Background information
- Born: 23 August 1854 Breslau, Prussia
- Died: 4 March 1925 (aged 70) Paris, France
- Genres: Classical, Romantic era
- Occupations: Pianist; composer;
- Instrument: Piano

= Moritz Moszkowski =

German composer, pianist and teacher (1854–1925)

Moritz Moszkowski (Maurycy Moszkowski; 23 August 1854 – 4 March 1925) was a German-Polish composer, pianist, and teacher. His brother Alexander Moszkowski was a famous writer and satirist in Berlin.

Ignacy Paderewski said: "After Chopin, Moszkowski best understands how to write for the piano, and his writing embraces the whole gamut of piano technique." Although less known today, Moszkowski was well respected and popular during the late nineteenth century.

==Life and career==
He was born in Breslau, Kingdom of Prussia (now Wrocław, Poland), into a wealthy Polish-Jewish family whose parents had come to Breslau from Pilica, near Zawiercie, in 1854. He was an ardent Jew at a time when many Jews downplayed their Jewishness. He showed early talent while very young, beginning his musical training at home until 1865, when his family moved to Dresden. There he continued his piano studies at the conservatory. He moved to Berlin in 1869 to continue his studies first at the Julius Stern Conservatory, where he studied piano with Eduard Franck and composition with Friedrich Kiel, and then at Theodor Kullak's Neue Akademie der Tonkunst, where he studied composition with Richard Wüerst and orchestration with Heinrich Dorn. There he became close friends with the Scharwenka brothers, Xaver and Philipp. In 1871 he accepted Kullak's offer to become a teacher in his academy; as he was also a more than competent violinist, he sometimes played first violin in the orchestra.
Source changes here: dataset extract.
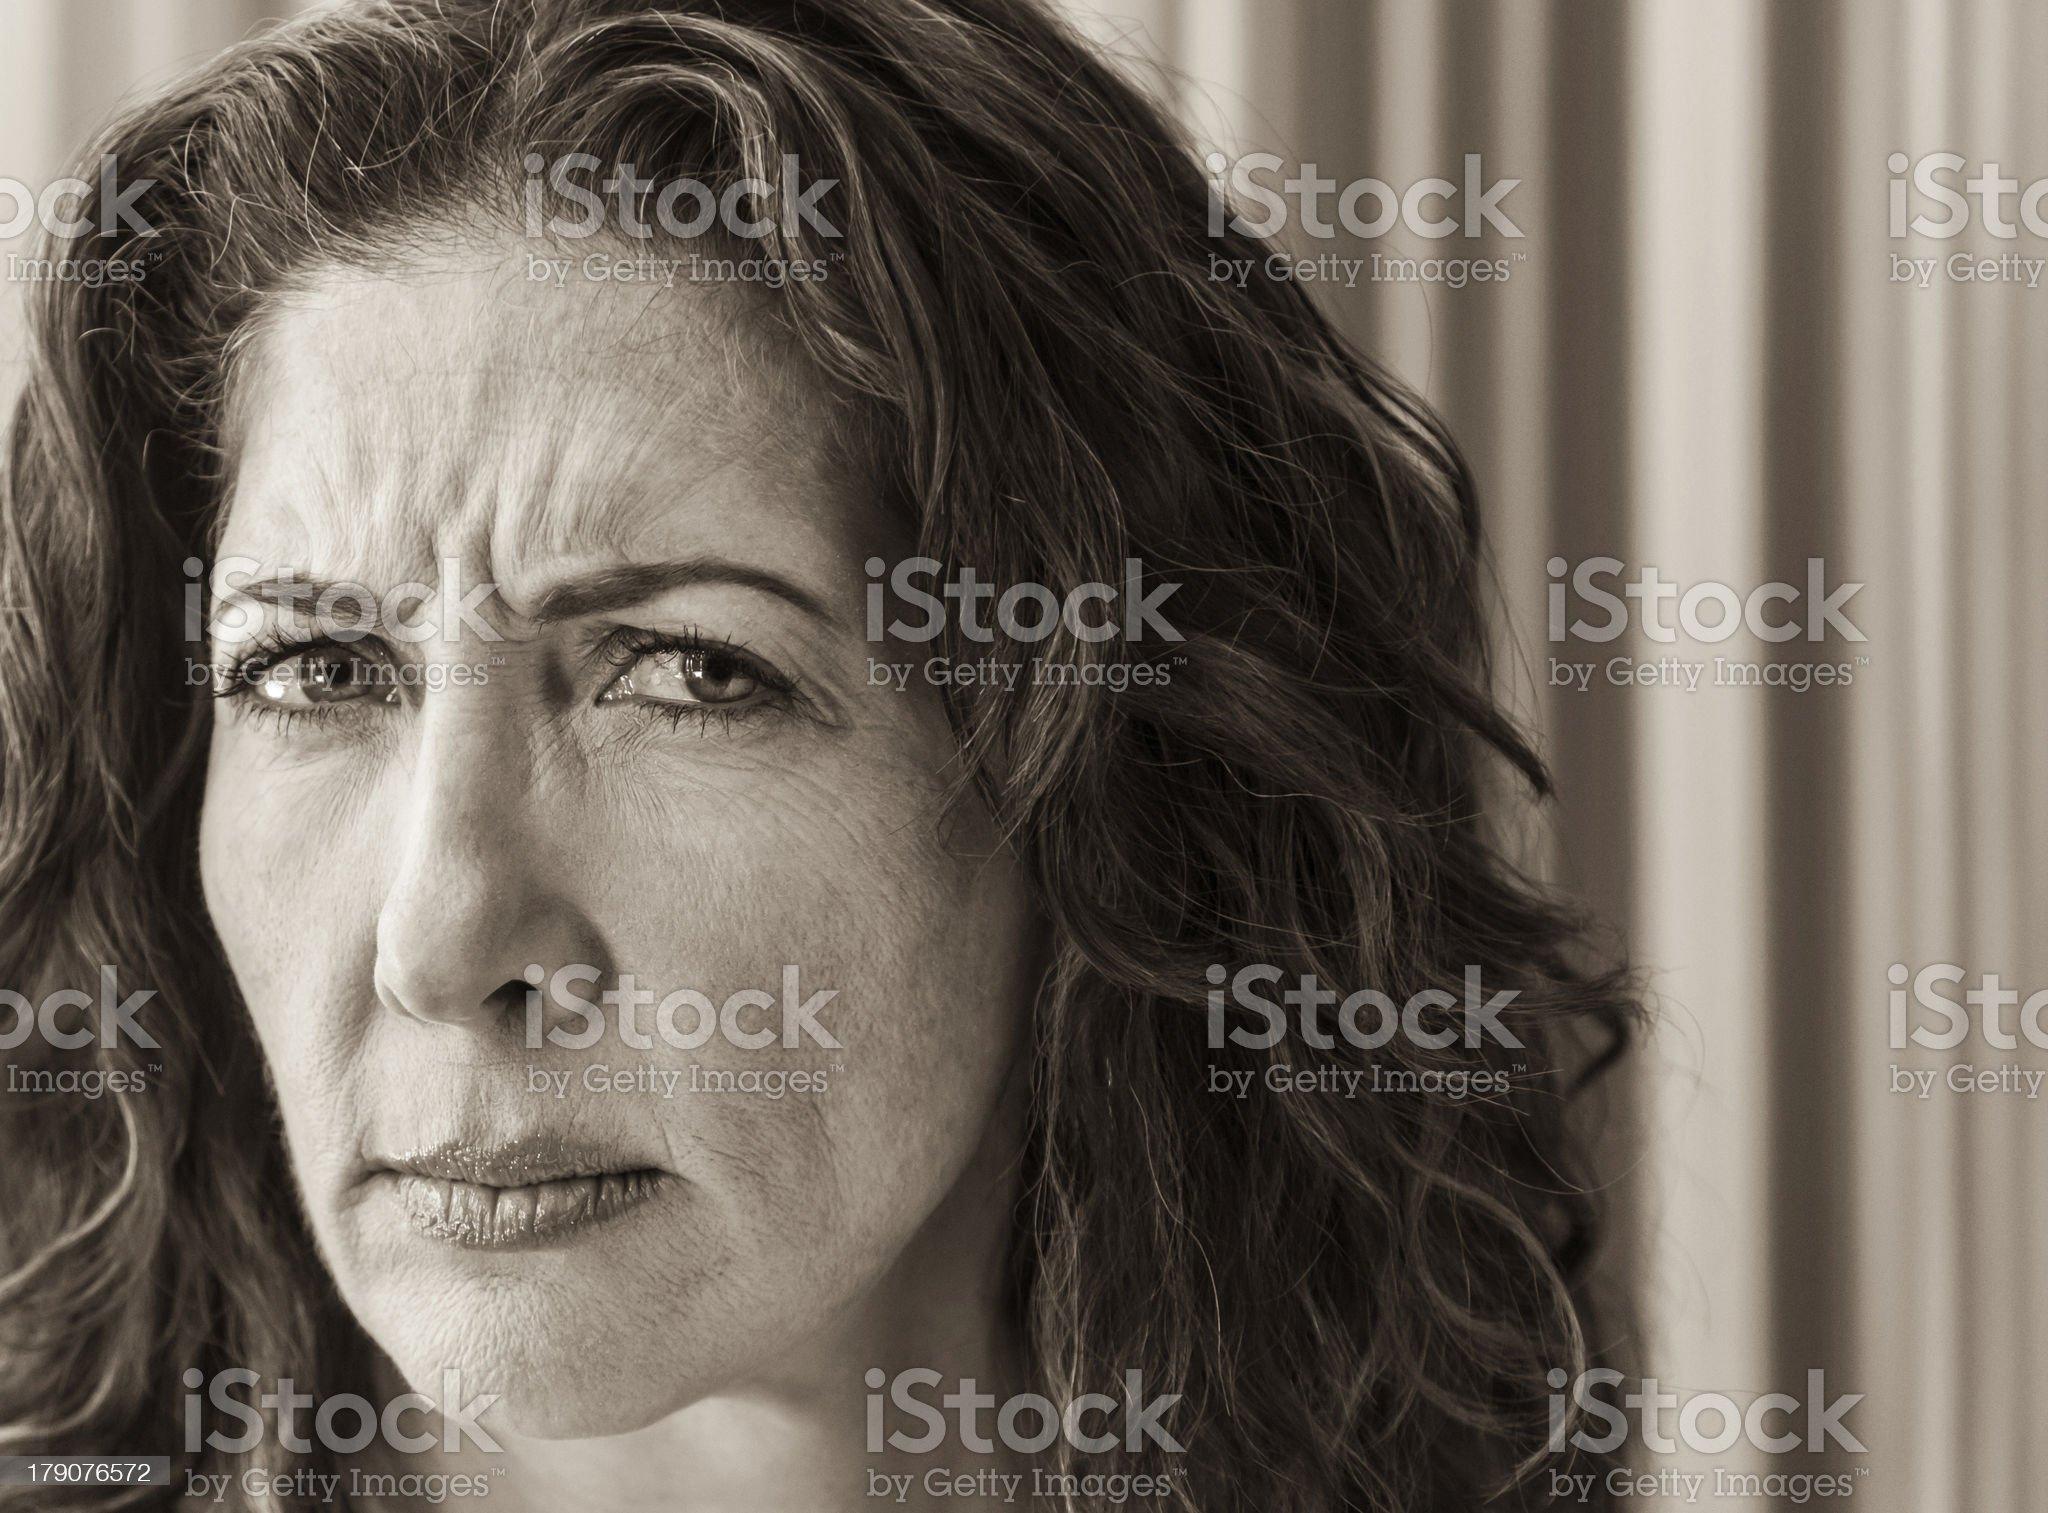 Stern Woman Portrait royalty-free stock photo

In 1873, Moszkowski made his first successful appearance as a pianist, and soon began touring the nearby cities in order to gain experience and establish his reputation. Two years later he was already playing his piano concerto on two pianos with Franz Liszt at a matinée before a selected audience invited by Liszt himself.

Retaining his post as a teacher at the Berlin conservatory from 1875, he had among his pupils Frank Damrosch, Joaquín Nin, Ernest Schelling, Joaquín Turina, Carl Lachmund, Bernhard Pollack, Ernst Jonas, Wilhelm Sachs, Helene von Schack, Albert Ulrich and Johanna Wenzel. Moszkowski then travelled successfully throughout Europe with the reputation of being an exceptional concert pianist and brilliant composer, having also gained some recognition as a conductor. In 1884, Moszkowski married the younger sister of pianist and composer Cécile Chaminade, Henriette Chaminade, with whom he had a son named Marcel and a daughter named Sylvia. By the mid-1880s, Moszkowski began suffering from a neurological problem in his arm and gradually diminished his recital activity in favor of composing, teaching and conducting.

In 1887, he was invited to London where he had the chance to introduce many of his orchestral pieces. There he was awarded honorary membership of the Royal Philharmonic Society. Three years later his wife left him for the poet Ludwig Fulda and a divorce was issued two years later.

In 1897, famous and wealthy, Moszkowski moved to Paris, where he lived on rue Nouvelle with his son and daughter. In 1906, he lost his 17-year-old daughter Sylvia while his son was engaged in the French army. In Paris, he was frequently sought after as a teacher, and was always generous in investing his time on aspiring musicians. Among his Parisian students were Sidney Dietch, Vlado Perlemuter, Thomas Beecham (who took private lessons in orchestration with him on the advice of André Messager in 1904), Josef Hofmann (of whom he claimed once that there was nothing anyone could teach him), Wanda Landowska, and, informally, Gaby Casadesus. In the summer he rented a villa near Montigny-sur-Loing owned by the French novelist and poet Henri Murger.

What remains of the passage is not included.